Many Kenyans had a lot of expectations of changes to be effected by this parliament. In the inaugural speech President Mwai Kibaki, said that the 9th parliament heralded Kenya's long-awaited second liberation and promised their total commitment to tackle and eliminate corruption and ensure good governance.

The 9th Parliament has come under scrutiny and have been criticized for many failings.
According to a report from Mars Group Kenya which is a type of watch dog to create awareness and accountability from Kenya's leadership, this parliament started by increasing their own remuneration and other allowances to become the most expensive parliament in the history of Kenya with an annual budget of over USD$57 million.

This parliament also failed to show leadership in the follow-up of the November 2005 Referendum on the Draft Constitution. They will go in history as the only parliament that never made any constitutional input in their 5 years tenure. A Constitution of Kenya Amendment Bill introduced in August 2007 by the Ministry of Justice and Constitutional Affairs Martha Karua didn't garner the necessary votes due to issues of women representation. This parliament also failed to look onto the issue of boundary review which had been recommended by the Electoral Commission of Kenya (ECK) to increase the representation with at least 40 new constituencies.

In 2007 they introduced a media bill which was looked upon as attempts to gag the media. They also attempted to reduce the powers of the Kenya Anti Corruption Commission (KACC). Their poor record of attendance was evident in the number of statutes that they were able to pass during their term.

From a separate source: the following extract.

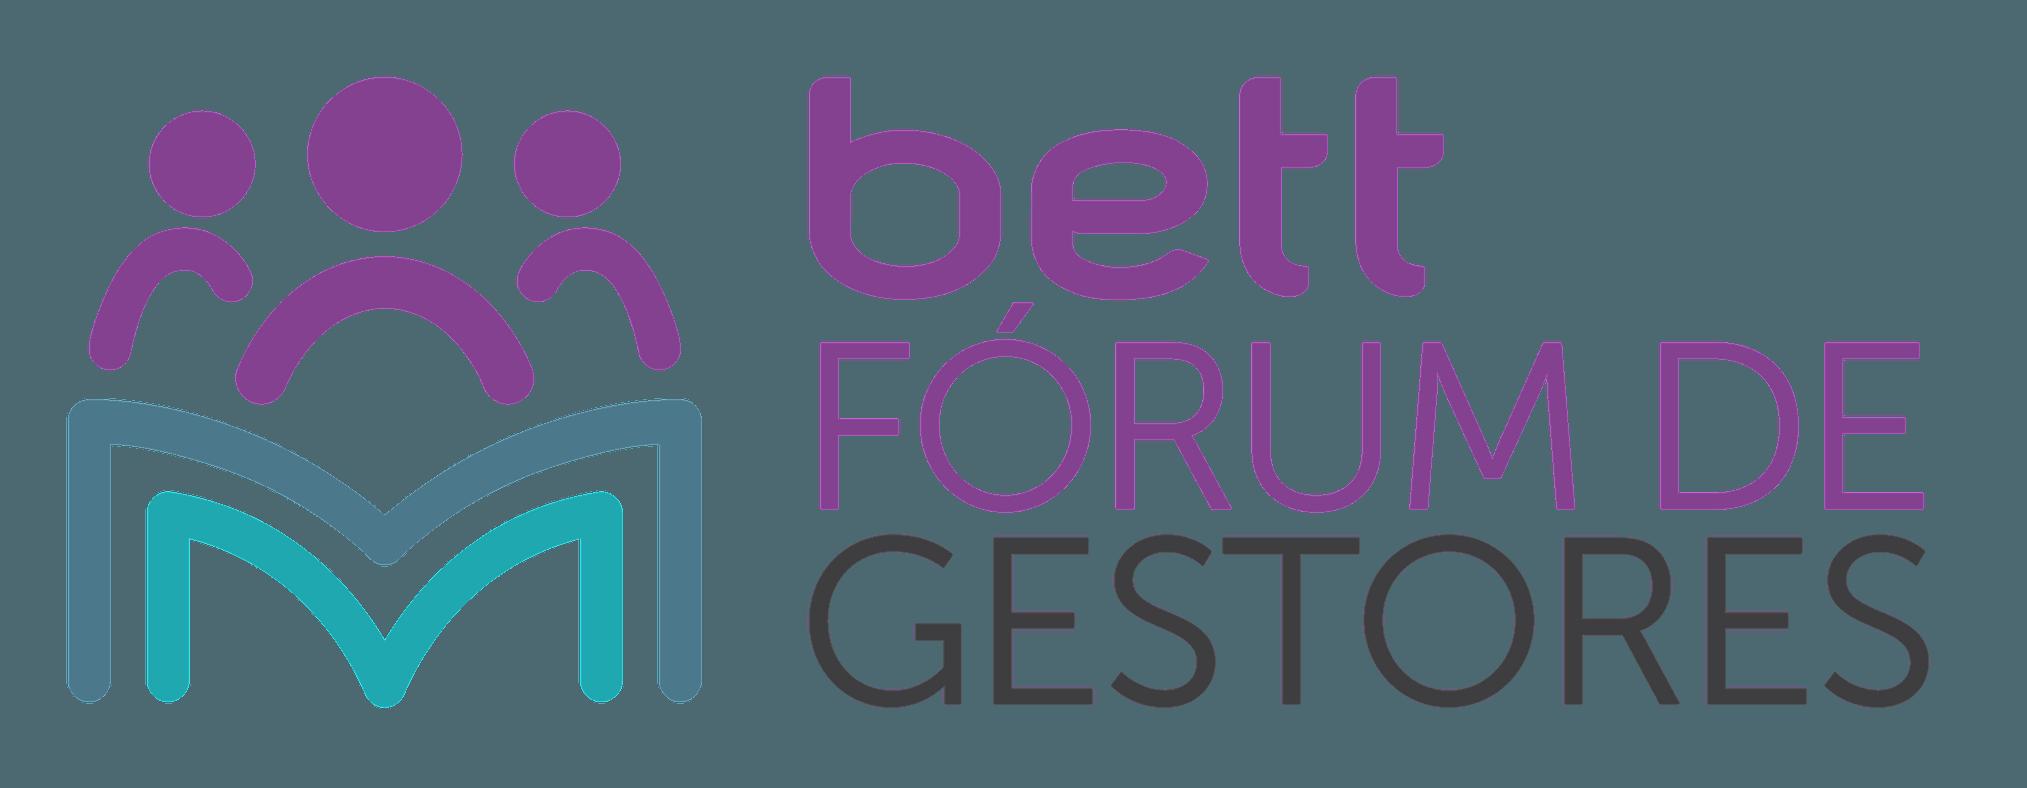 Forum de Gestores
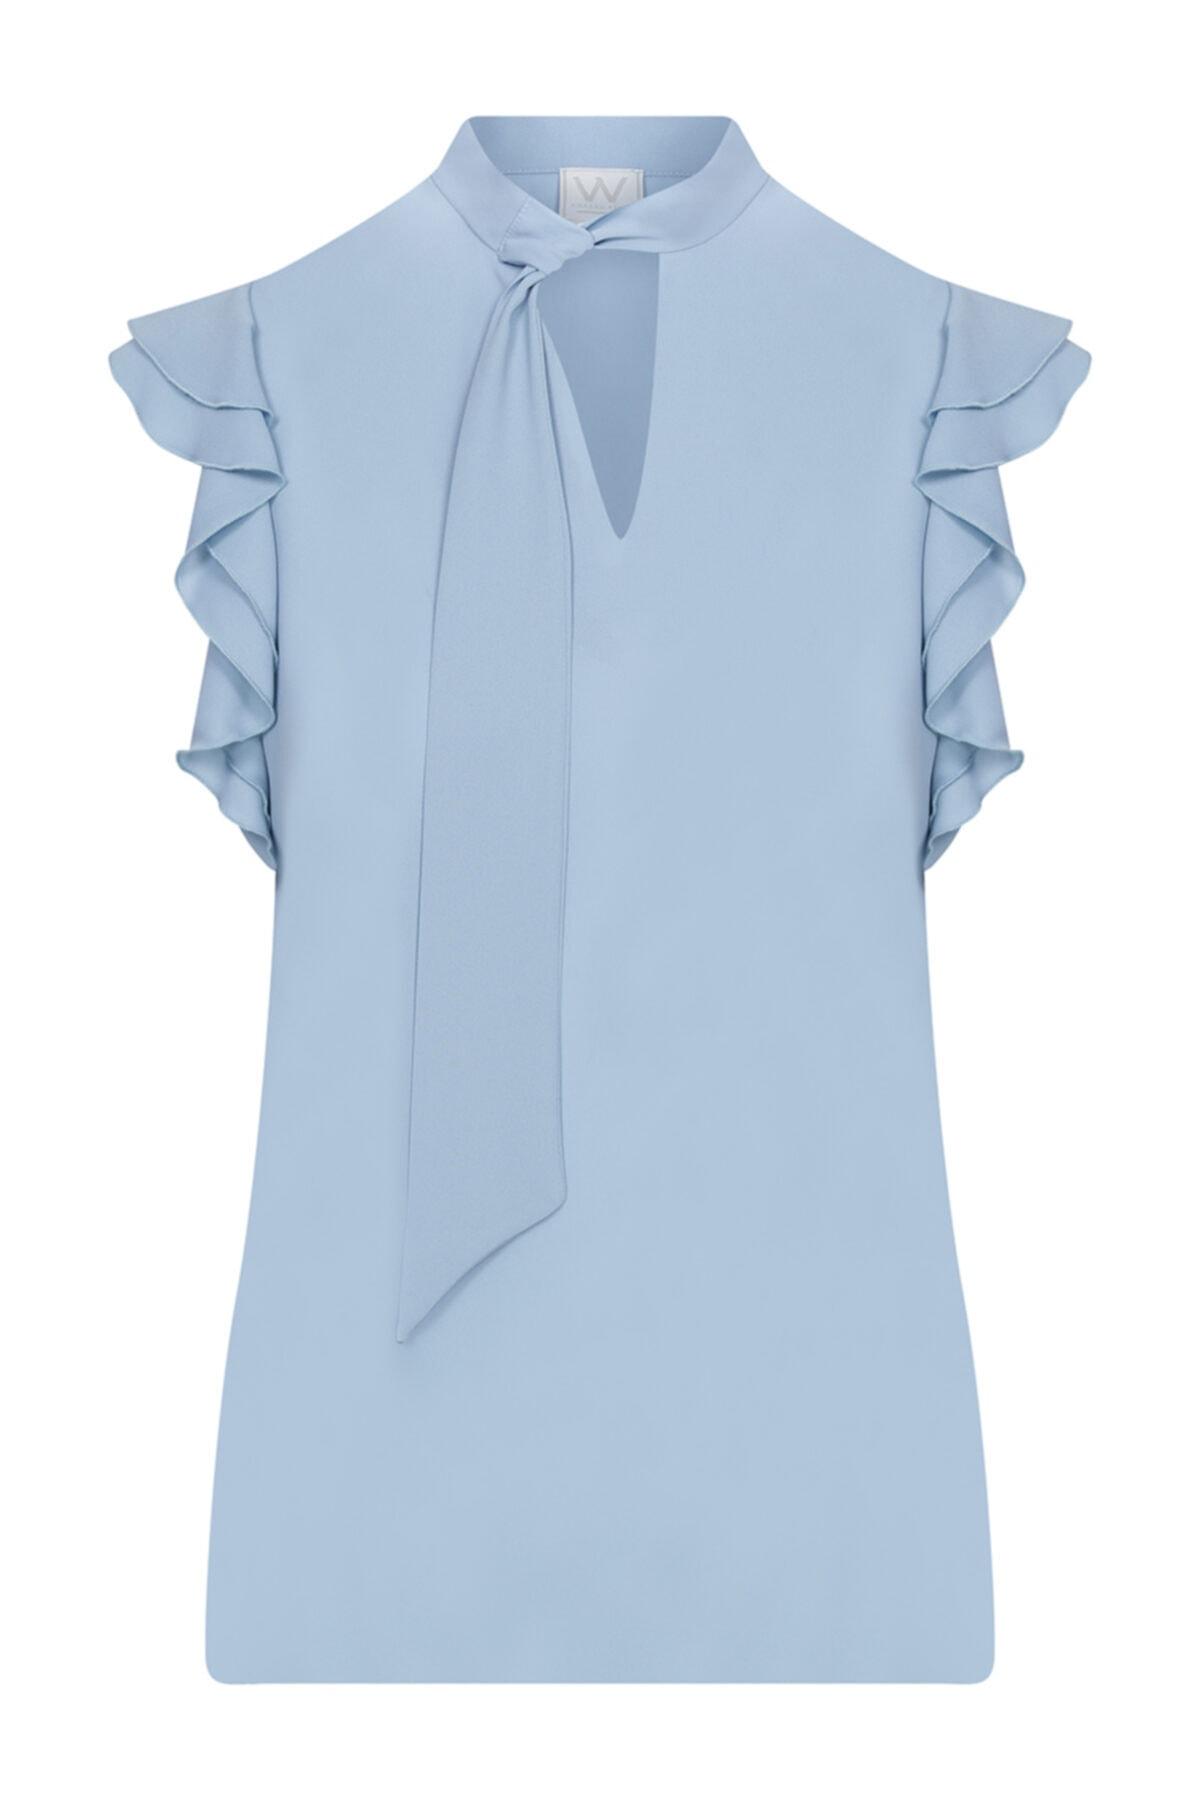 W Collection Kolsuz Şifon Bluz 1

They passed 67 bills about 13 bills a year, a dismal record in comparison with what other parliaments achieve like the South African parliament which passes over 40 statutes a year. They were many issues pertaining to poor management of resources and funds under their control through the newly introduced CDF and failure in taking decisive action against illegal charges on the Consolidated Fund which involved fraudulent payments to phantom projects not undertaken like the Anglo Leasing and the Ken Ren Fertilizer project.

However the 9th parliament passed some relevant and good bills such as the establishment of Constituency Development Fund (CDF) and its increment in funding, Sexual offences bill moved by Njoki Ndungu, privatization authority, the insurance regulatory authority, and number of funding and regulating authorities just to mention a few.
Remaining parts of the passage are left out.